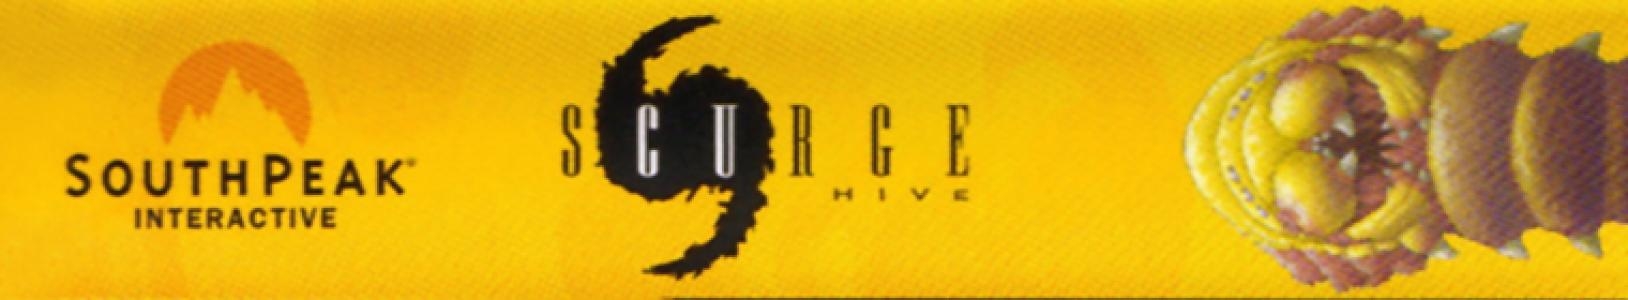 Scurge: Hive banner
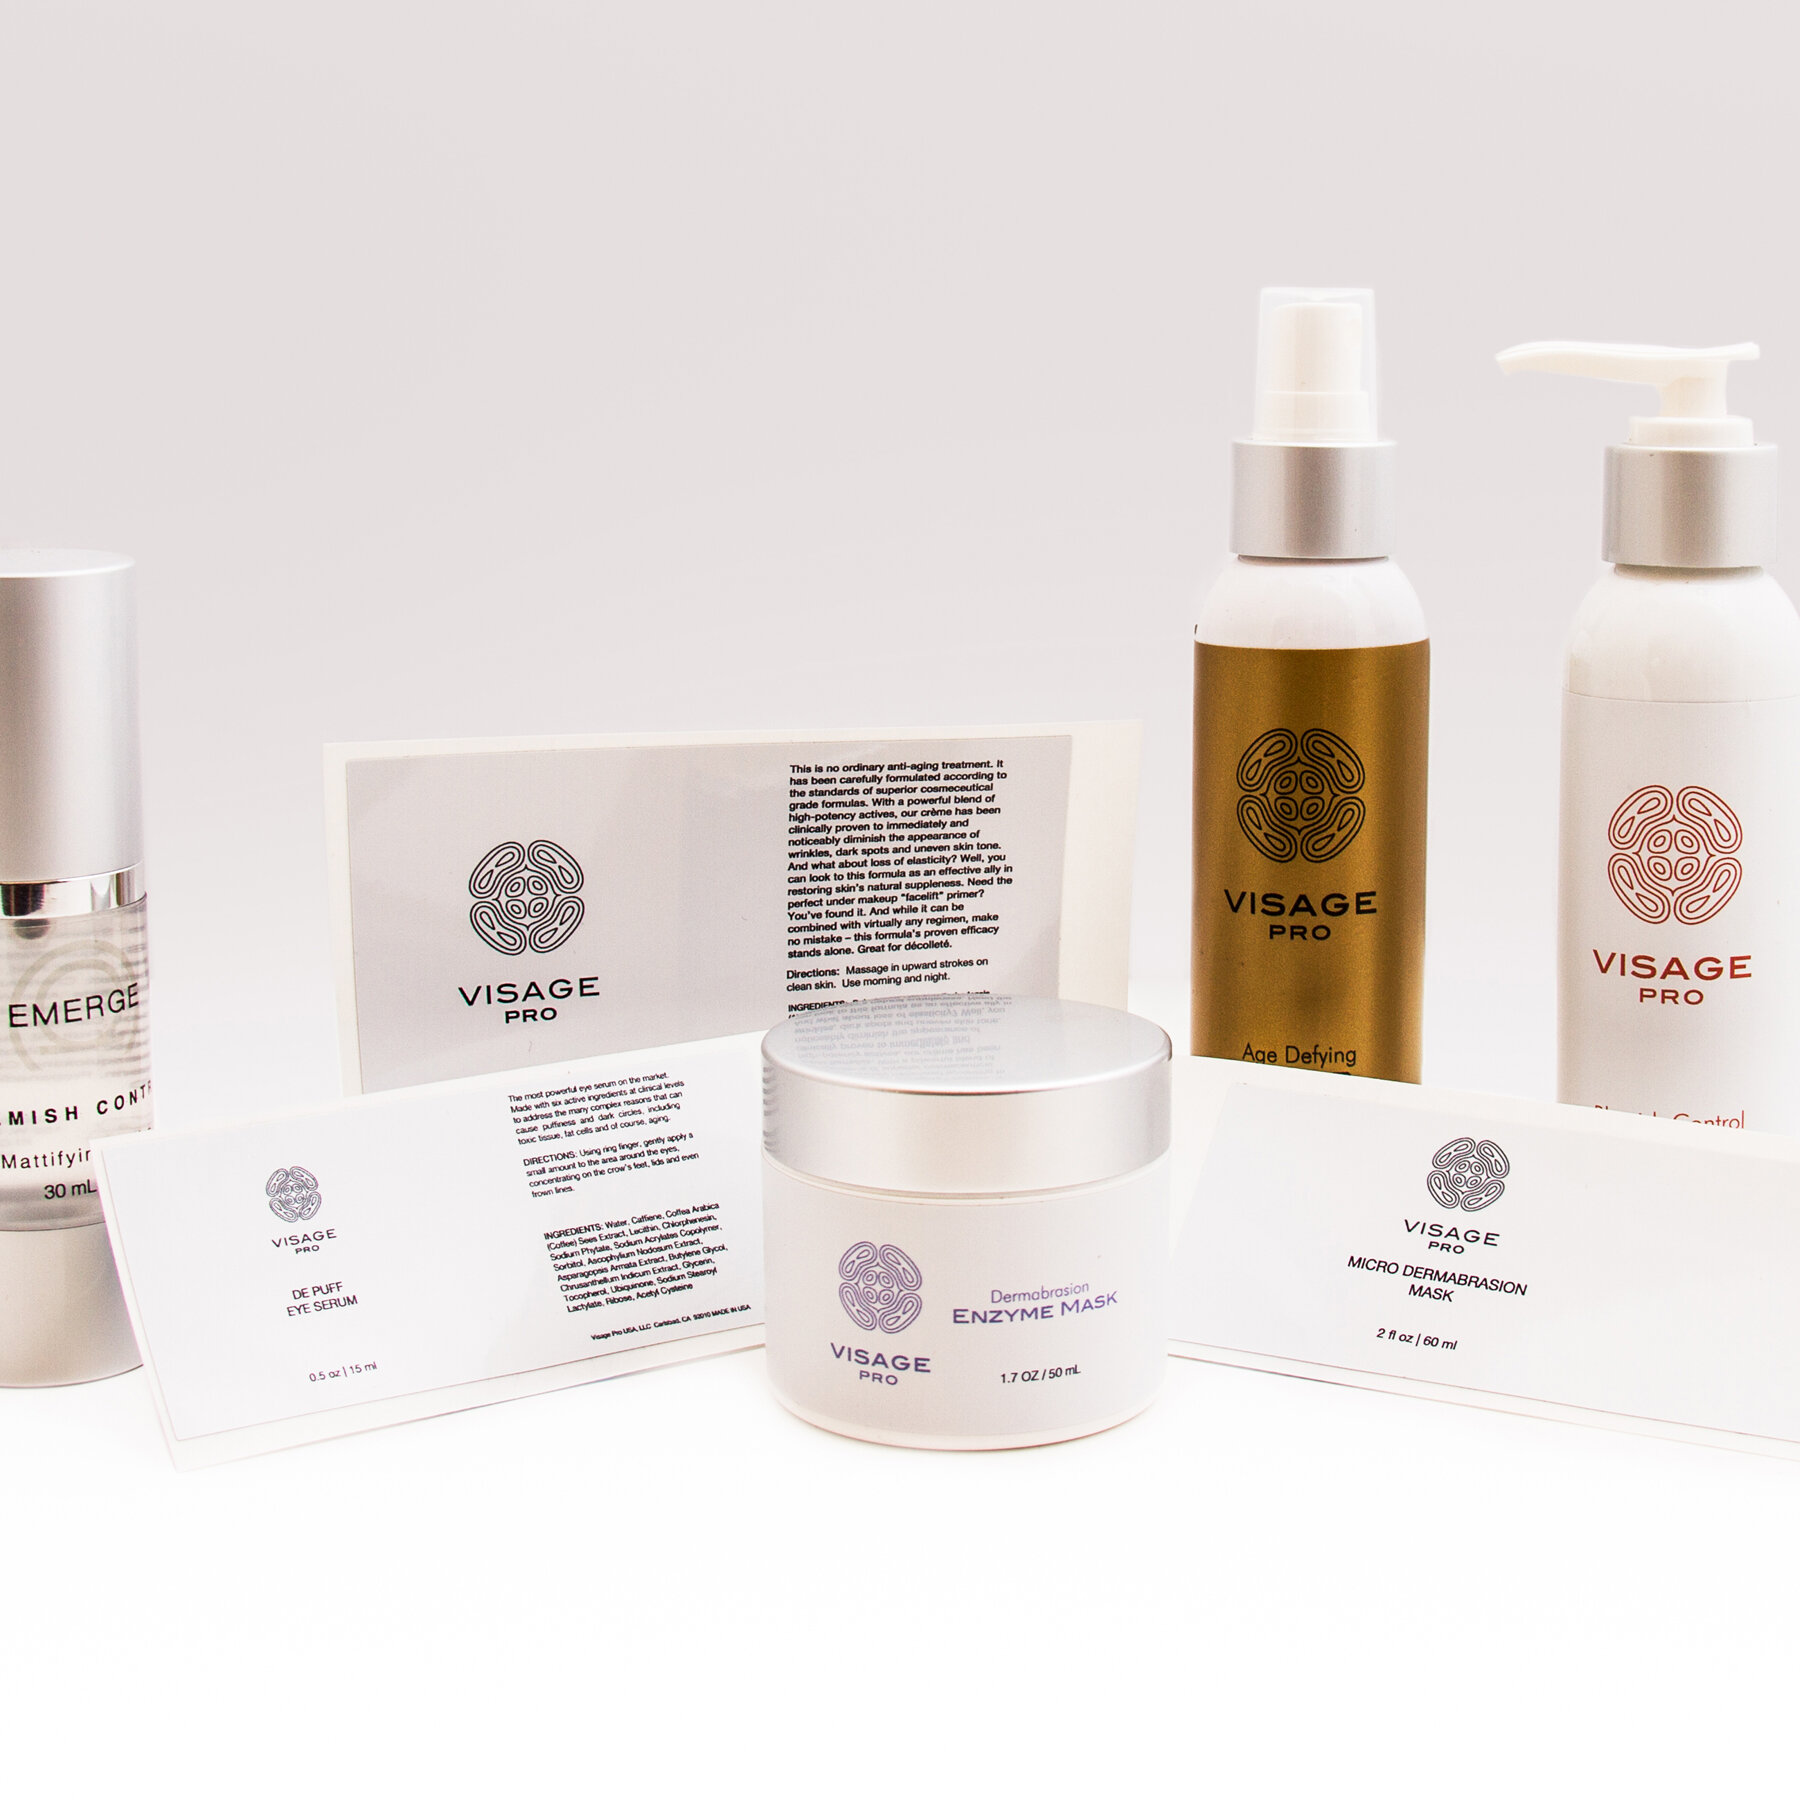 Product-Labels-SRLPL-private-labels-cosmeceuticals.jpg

········

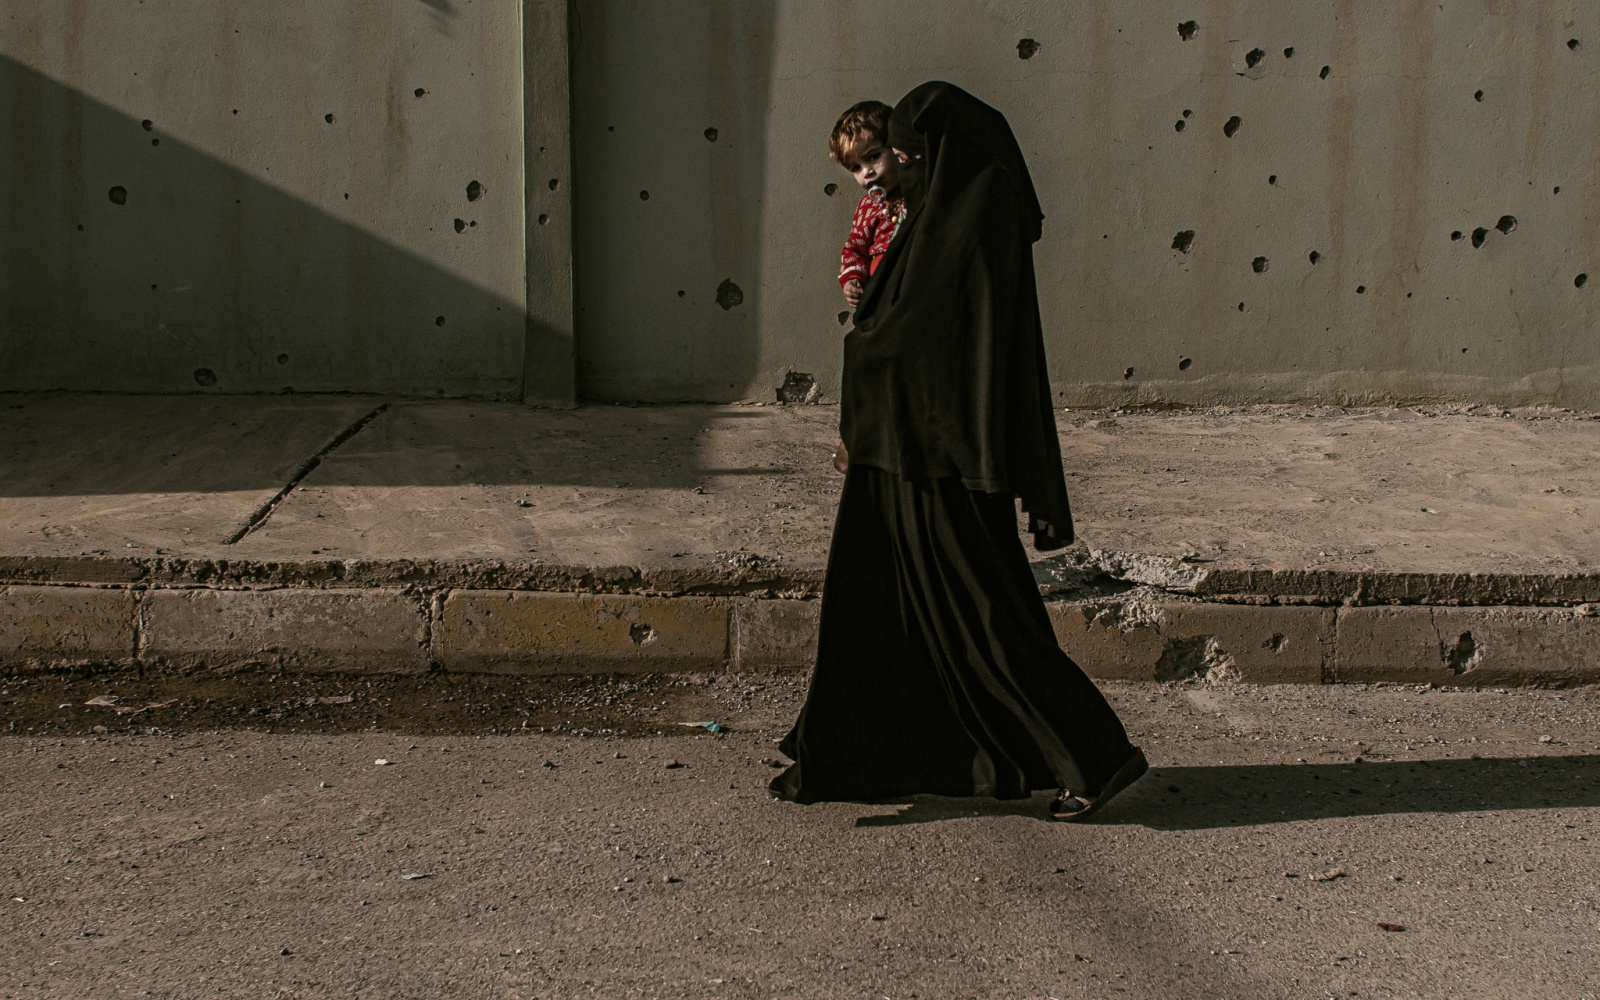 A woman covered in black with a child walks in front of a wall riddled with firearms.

········

• **Work request**: Starting at the line above with "Scurge: Hive banner", output every line exactly up to and including the line with "Product-Labels-SRLPL-private-labels-cosmeceuticals.jpg", but none of the pictures.

• **Solution to this exercise**:
 Scurge: Hive banner
 Product-Labels-SRLPL-private-labels-cosmeceuticals.jpg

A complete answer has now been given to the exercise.